▶ **The problem**
Would you restate the listing word for word, with the images omitted?

▶ **Exercise data**
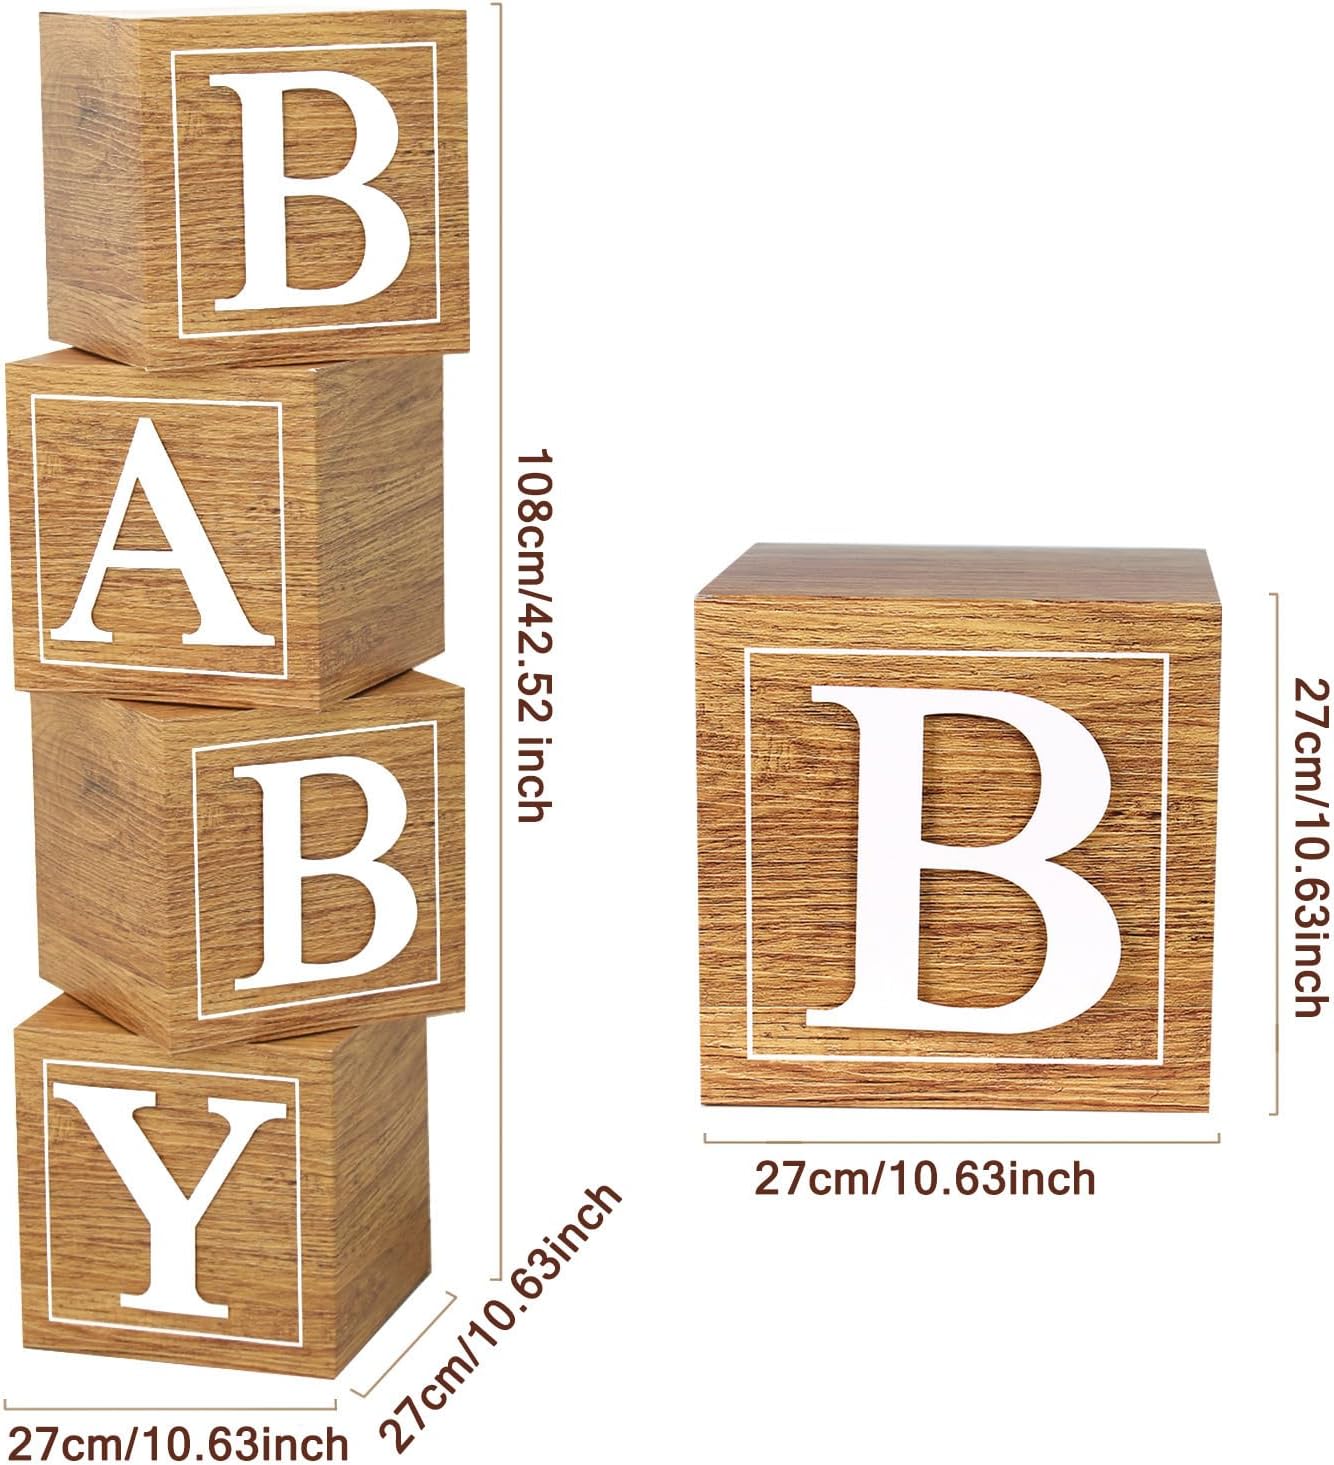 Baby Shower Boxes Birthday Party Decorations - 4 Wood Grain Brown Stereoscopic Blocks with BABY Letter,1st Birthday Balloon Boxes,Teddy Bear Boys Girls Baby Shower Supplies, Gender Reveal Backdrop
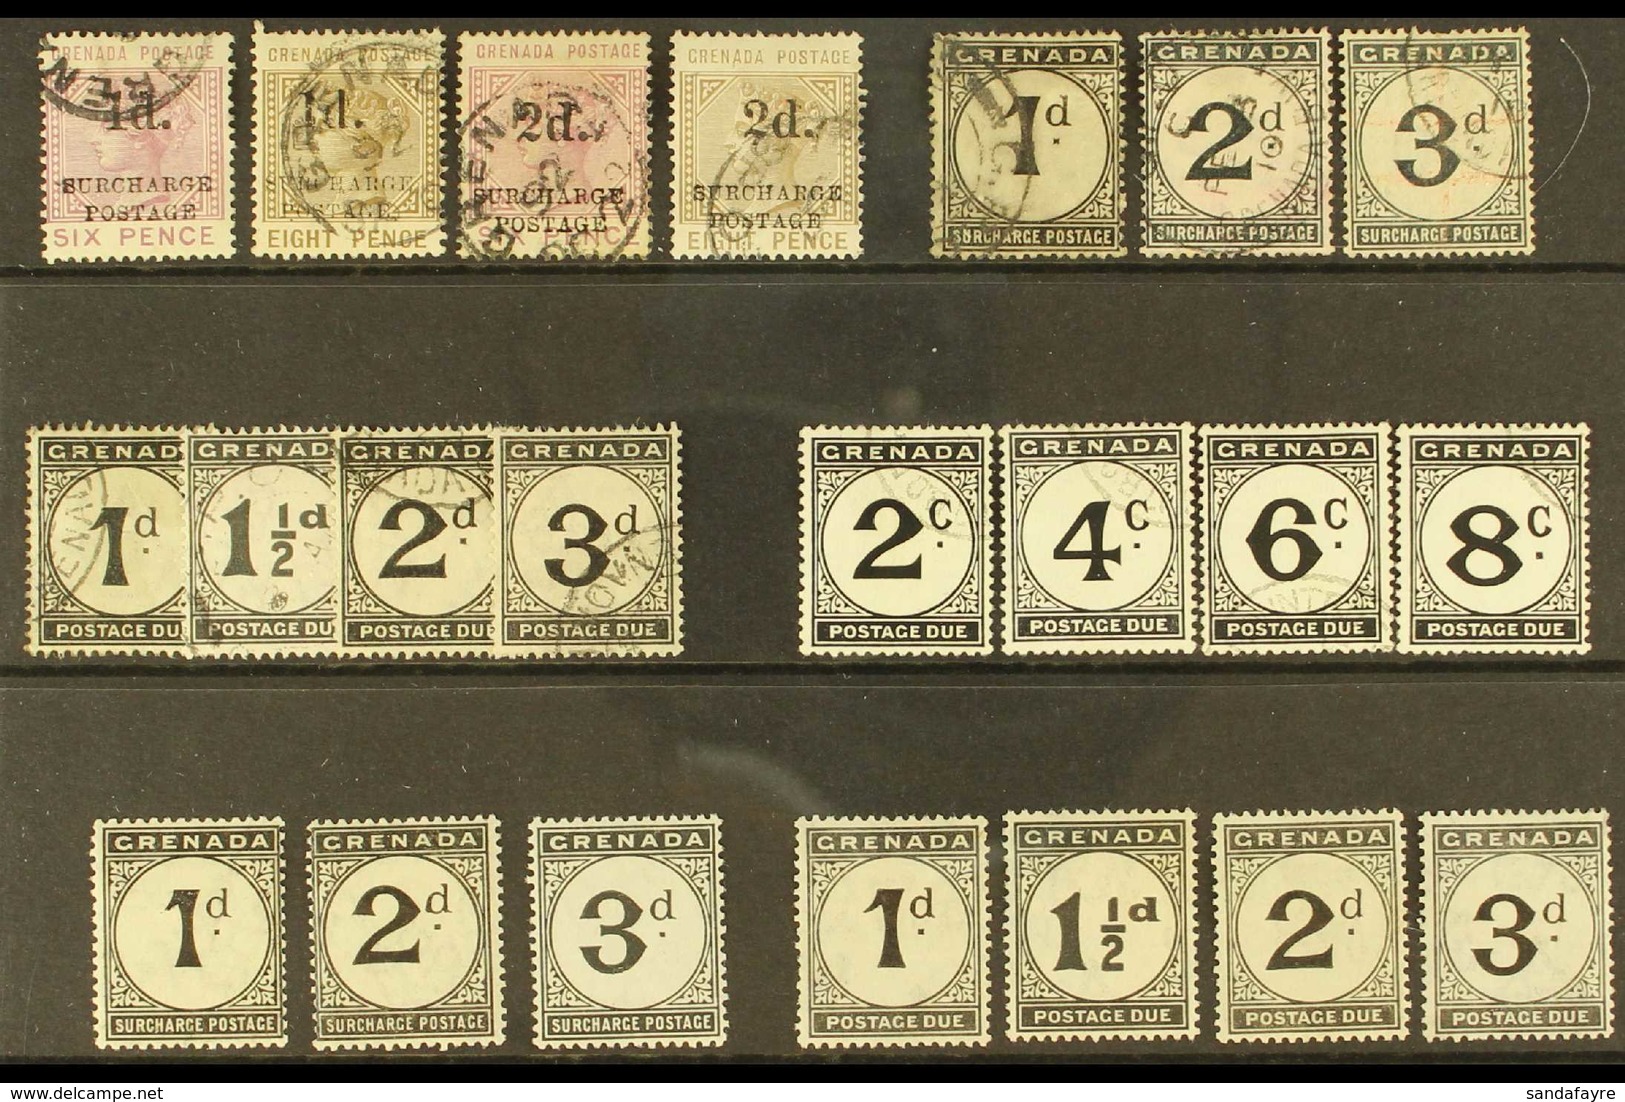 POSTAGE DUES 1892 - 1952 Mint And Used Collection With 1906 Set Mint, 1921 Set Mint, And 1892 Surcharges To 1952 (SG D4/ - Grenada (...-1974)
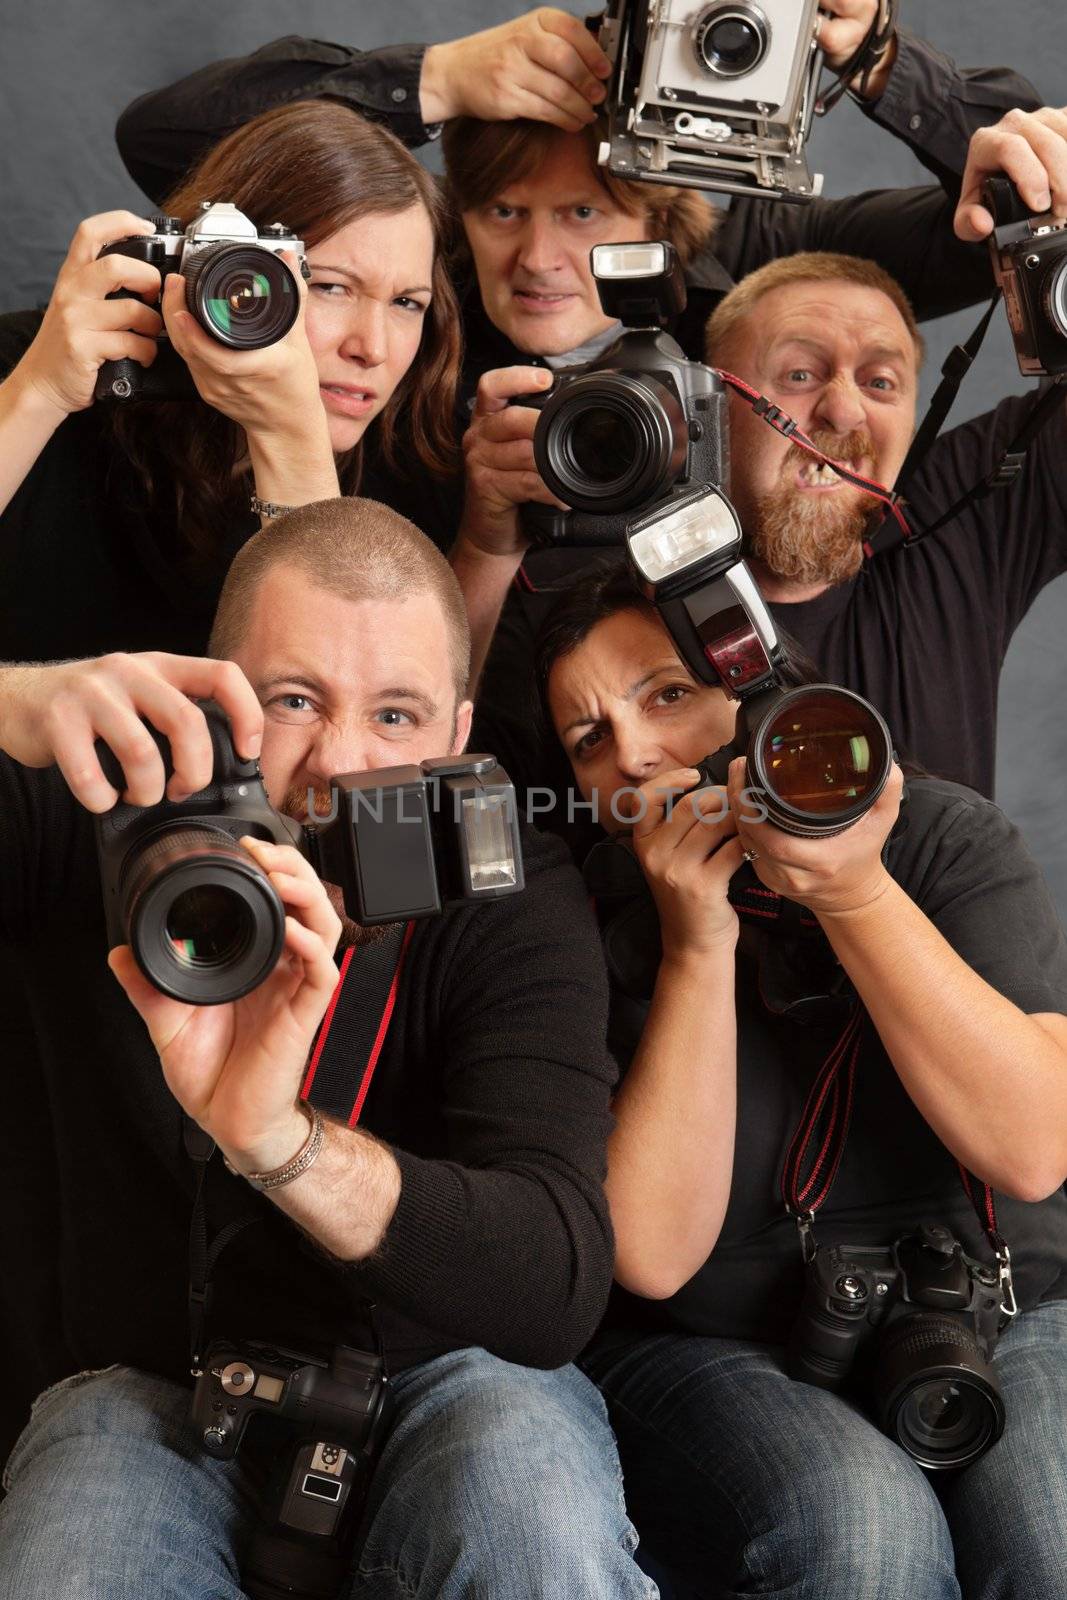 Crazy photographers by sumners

▶ **Answer section**
 Baby Shower Boxes Birthday Party Decorations - 4 Wood Grain Brown Stereoscopic Blocks with BABY Letter,1st Birthday Balloon Boxes,Teddy Bear Boys Girls Baby Shower Supplies, Gender Reveal Backdrop
 POSTAGE DUES 1892 - 1952 Mint And Used Collection With 1906 Set Mint, 1921 Set Mint, And 1892 Surcharges To 1952 (SG D4/ - Grenada (...-1974)
 Crazy photographers by sumners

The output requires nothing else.